How do you write a poem?
How do you write a poem?
You go to bed at midnight after a pleasant meal with friends, ready for sleep. A thought occurs – the wooden bed you’re sleeping on, the cotton sheets, the sand on the beach you walked along today – all these were once alive, part of vibrant, living things. Now they are merely scenery in the play of life.
A line leaps into your mind: ‘The cloth of life is woven from the dead’. (I changed that to ‘clothes’ later, to mirror the ‘o’ sound in ‘woven’). You sit up. Groaning, you turn on the light and grab a pen and the back of an envelope on your desk. Three hours later (in this case – I have known it take three years) you have gone as far you can and stagger back to rest your head on a pillow.
Your back is itching from bites because you forgot to put on a dressing gown and replenish the mosquito coils.

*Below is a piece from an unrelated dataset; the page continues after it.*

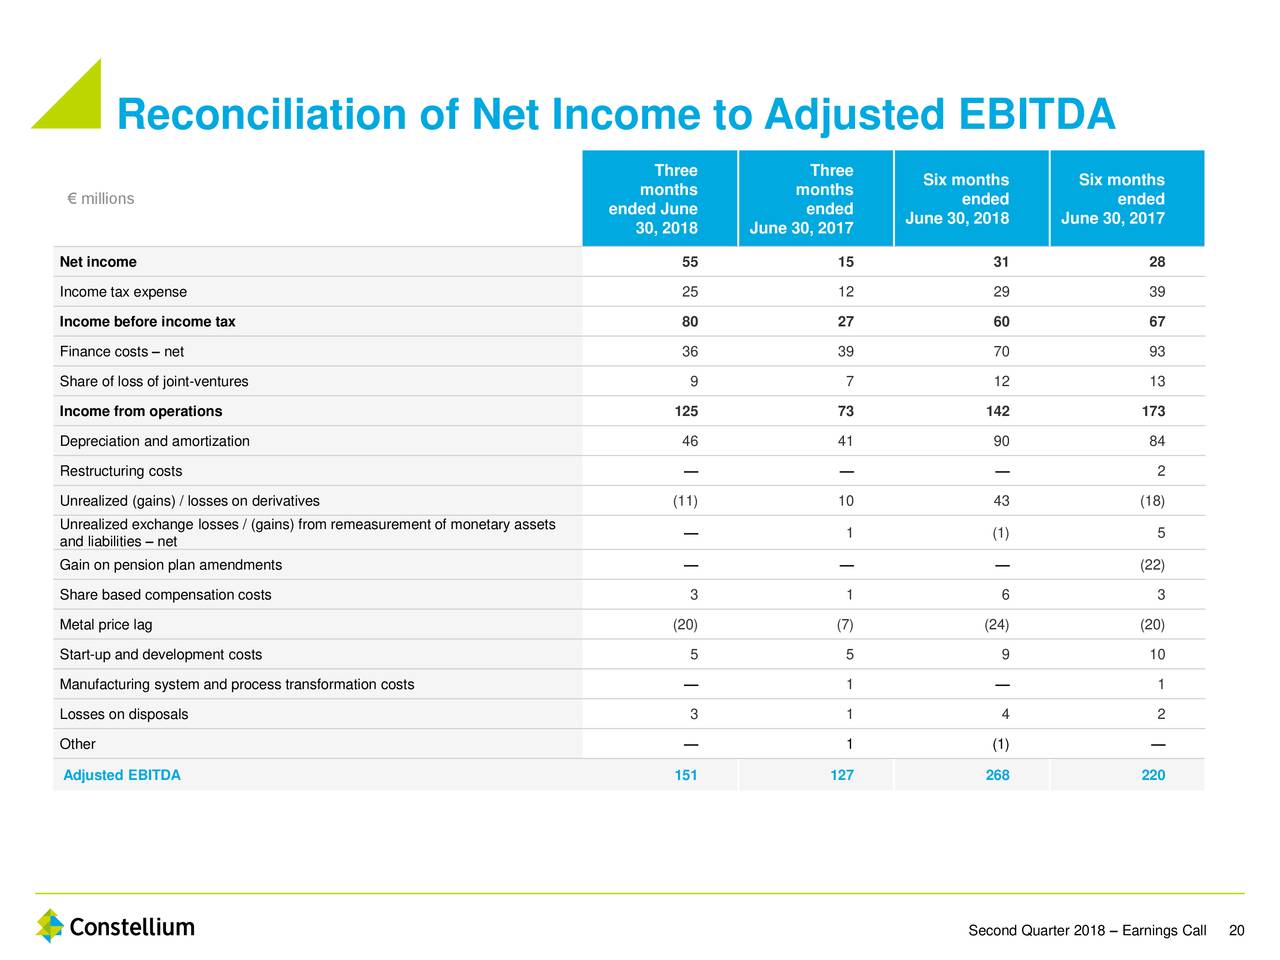 Reconciliation of Net Income to Adjusted EBITDA

Words and phrases collide in your mind. Should you really introduce a prosaic spondee like ‘bacon’ in line six of a melancholy Shakespearian sonnet? Can a fluttering pennant ‘hold fast’? Castles and fortresses do, so why not a pennant? Eventually, at about 4 a.m. or so, you drift into sleep.
That is how you write a poem – or, at least, how I wrote the one thousandth, three hundredth and ninety-second poem of my adult life. A poem which may never see print or be read by another soul.